Collecting and accumulating enough clothes for training is a time-consuming task. To address this, we use synthetic data to train the model. The process involves training with synthetic data, fine-tuning with real-world data, and then evaluating the model on real-world data. This approach effectively mitigates the issue of data shortages.

We have developed a pipeline to generate synthetic data using generative AI models. The model selection is based on its compute efficiency and generative accuracy. The generative accuracy is assessed by testing the model on a sample set of inputs and performing a visual inspection to ensure quality.

This streamlined approach ensures that our model is trained efficiently while maintaining high accuracy and adaptability to real-world data.

Below are the steps that are involved in the pipeline.

Example Image

1. Use a Templated Base Prompt

Start with a general prompt template that describes the type of images you want to generate.
For example, the template could look like: [COLOR] [DRESS_TYPE] with [FASTENER] placed on a [LOCATION].
This template will guide the process of creating specific prompts by filling in the placeholders ([COLOR], [DRESS_TYPE], etc.) with actual values.

2. Use All Combinations of Config Values in the Templated Base Prompt

Take the values for each placeholder in the template, like a list of colors (red, blue, etc.), dress types (gown, sundress, etc.), and locations (wooden table, marble countertop, etc.).
Combine these values in every possible way to create a variety of unique prompts.
For example:
- Red gown with buttons placed on a wooden table.
- Blue sundress with a zipper placed on a marble countertop.
This process generates a large number of prompts, ensuring diversity in the generated images.

3. At the End of This Stage, We Have N Prompts to Generate Images For

After combining all possible values, you’ll have a total of N prompts. These prompts represent all the variations you want to cover (e.g., different colors, dress types, fasteners, and locations).
For instance, if you have 5 colors, 3 dress types, 2 fasteners, and 4 locations, you’ll end up with ( 5 \times 3 \times 2 \times 4 = 120 ) prompts.

4. Feed These Prompts Individually to the Text-to-Image Generation Model

Pass each of these prompts, one by one, to a text-to-image generation model. The model used for my project was black-forest-labs/FLUX.1-dev.
The model will generate an image for each prompt based on the prompt provided.

5. Send the Generated Image to an Visual question answering Model for Validation

After generating the images, check if they meet your training data requirements using a validation model.
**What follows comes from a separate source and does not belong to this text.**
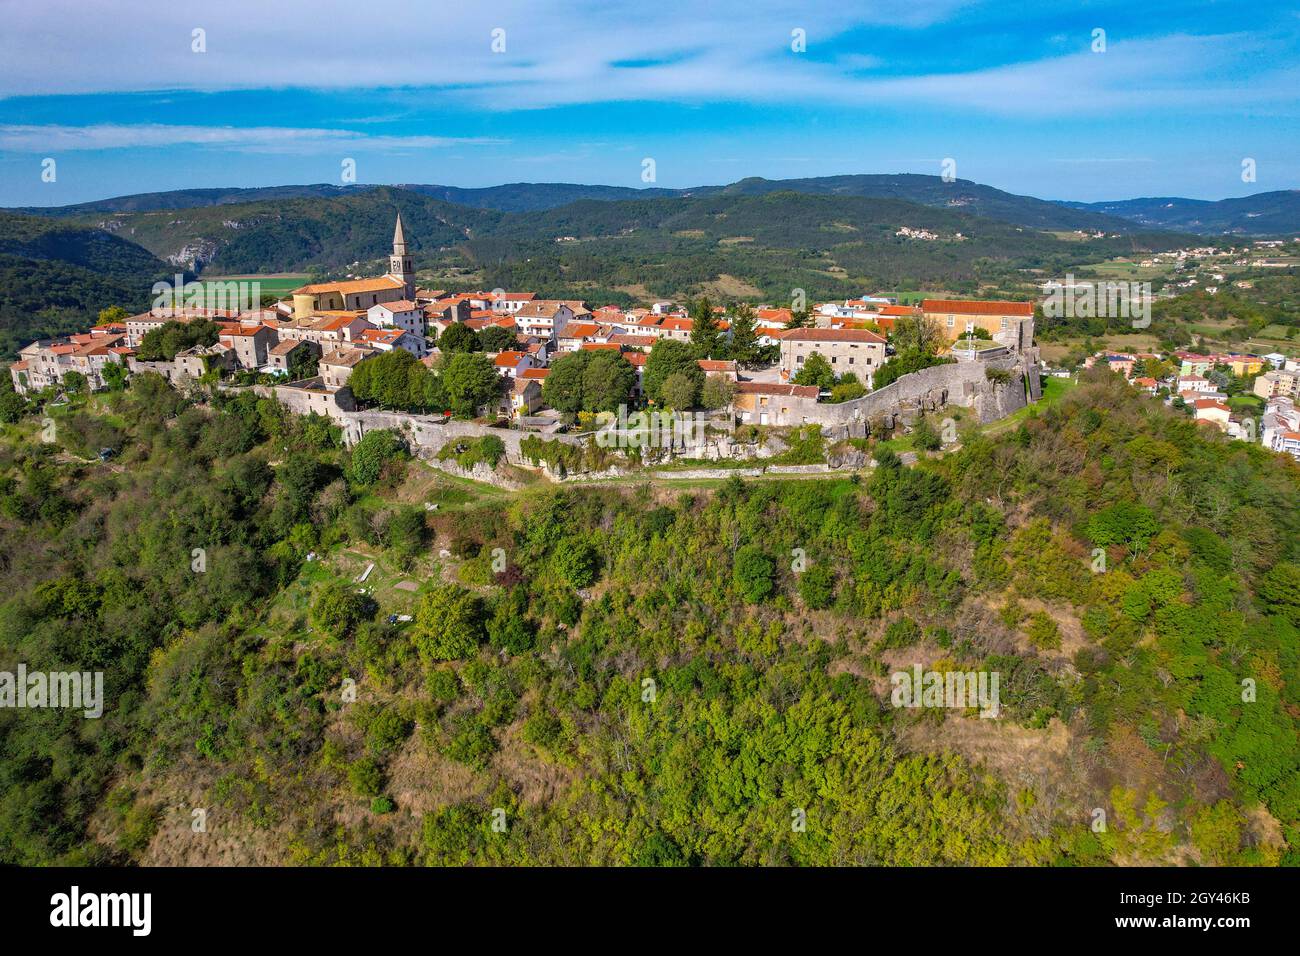 DJI Mavic Air 2S aerial drone photographs of the ancient hill town of Buzet, Istria, Croatia Stock Photo
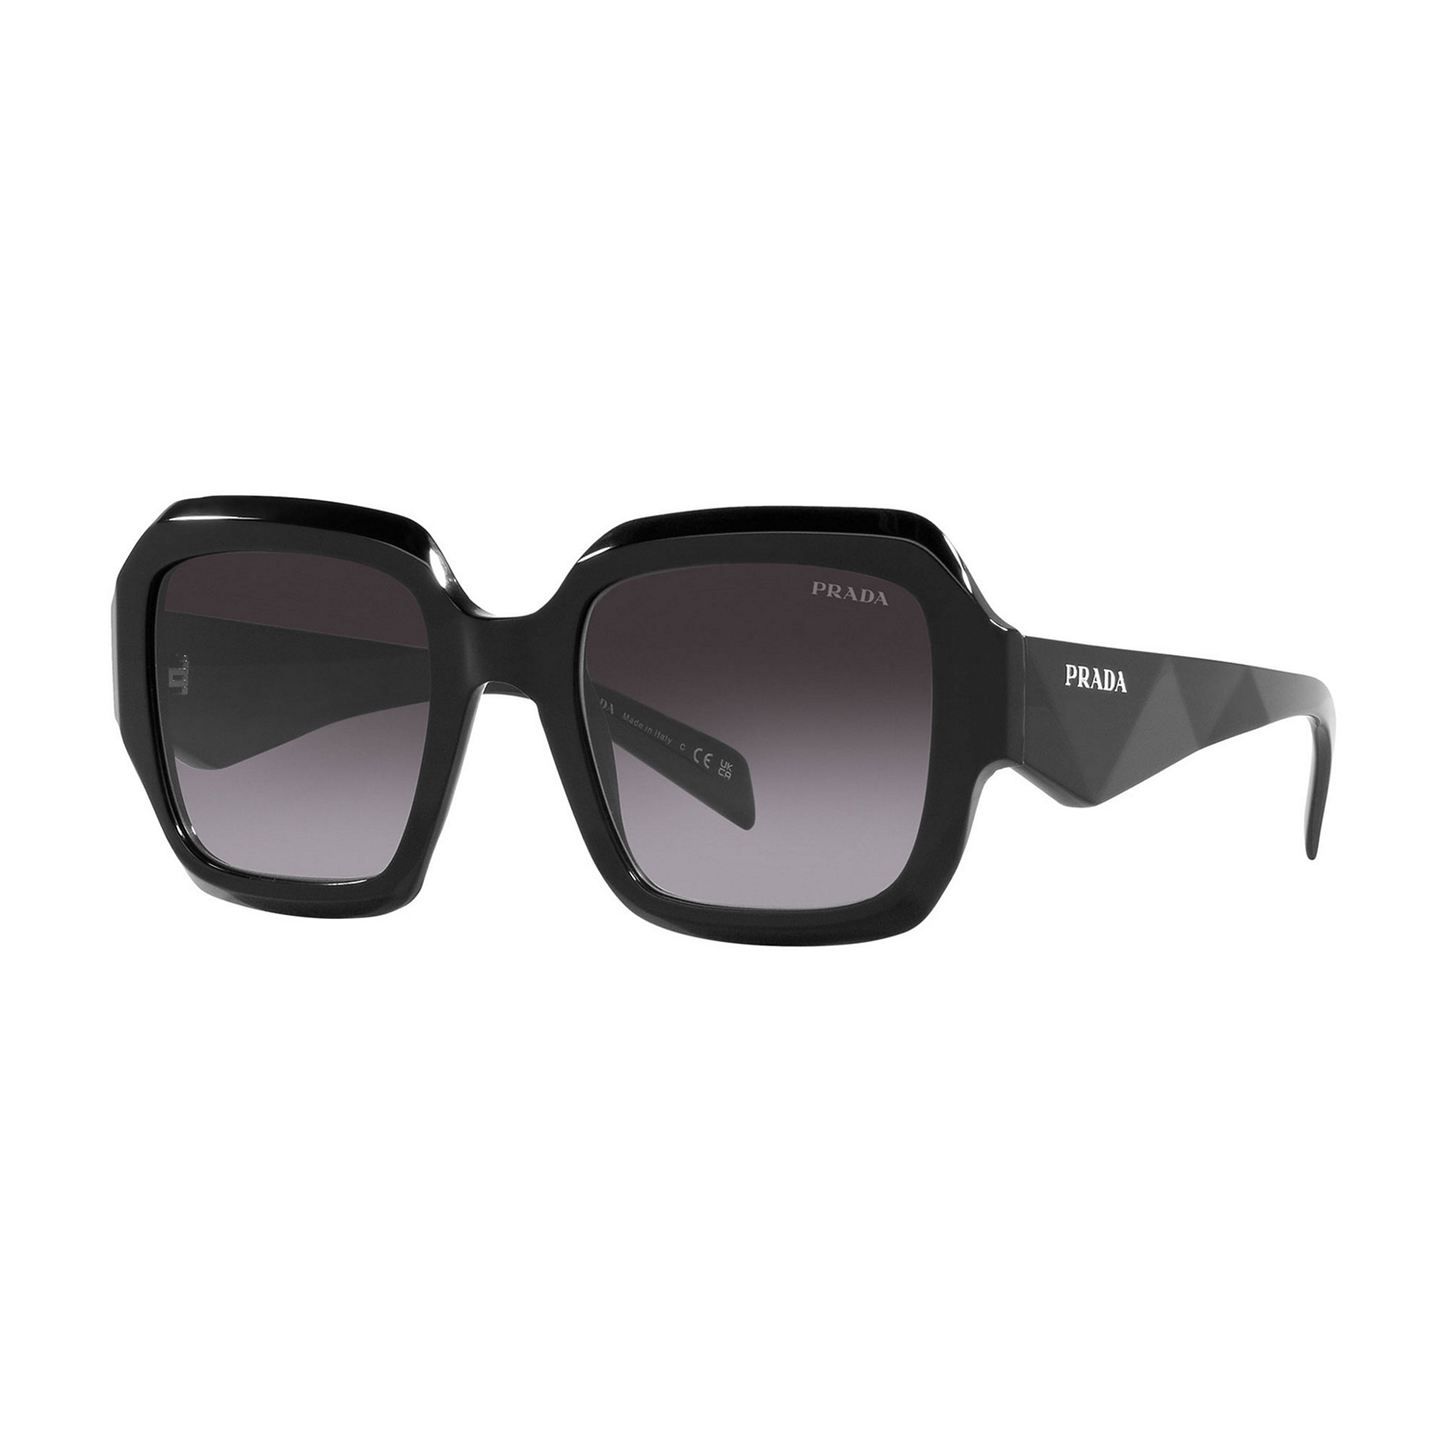 Prada Women's Pillow Black Sunglasses

For example, the model should verify:
- The dress in the image does not include any humans (not included this condition in the code sample).
- The dress is properly displayed on a flat surface as described in the prompt.
We used the model openfree/claude-monet to ask specific questions about the image (e.g., “Is the dress placed on a flat surface?”).

6. Verify and Filter Images for Training

If an image does not meet the criteria (e.g., contains humans, mismatches the description), it is discarded.
Only images that pass all checks are included in the final dataset.
This ensures the training data is clean, accurate, and suitable for the machine learning task.

I experimented with several models from the Hugging Face library and found that the models mentioned earlier best met my requirements for output quality and inference time. The results were evaluated through visual inspection on a sample dataset. Currently, I am exploring methods to verify if the generated images contain out-of-distribution (OOD) objects that could negatively impact the accuracy of the classification model used for sorting.

One of the key issues I am addressing is ensuring that the generated image matches the prompt. For example, if the prompt specifies a dress on a conveyor belt, but the generated image does not include the conveyor belt, the algorithm must detect this mismatch. To solve this, I am considering adding another layer of validation using segmentation models and filter out images with missing or incorrect objects.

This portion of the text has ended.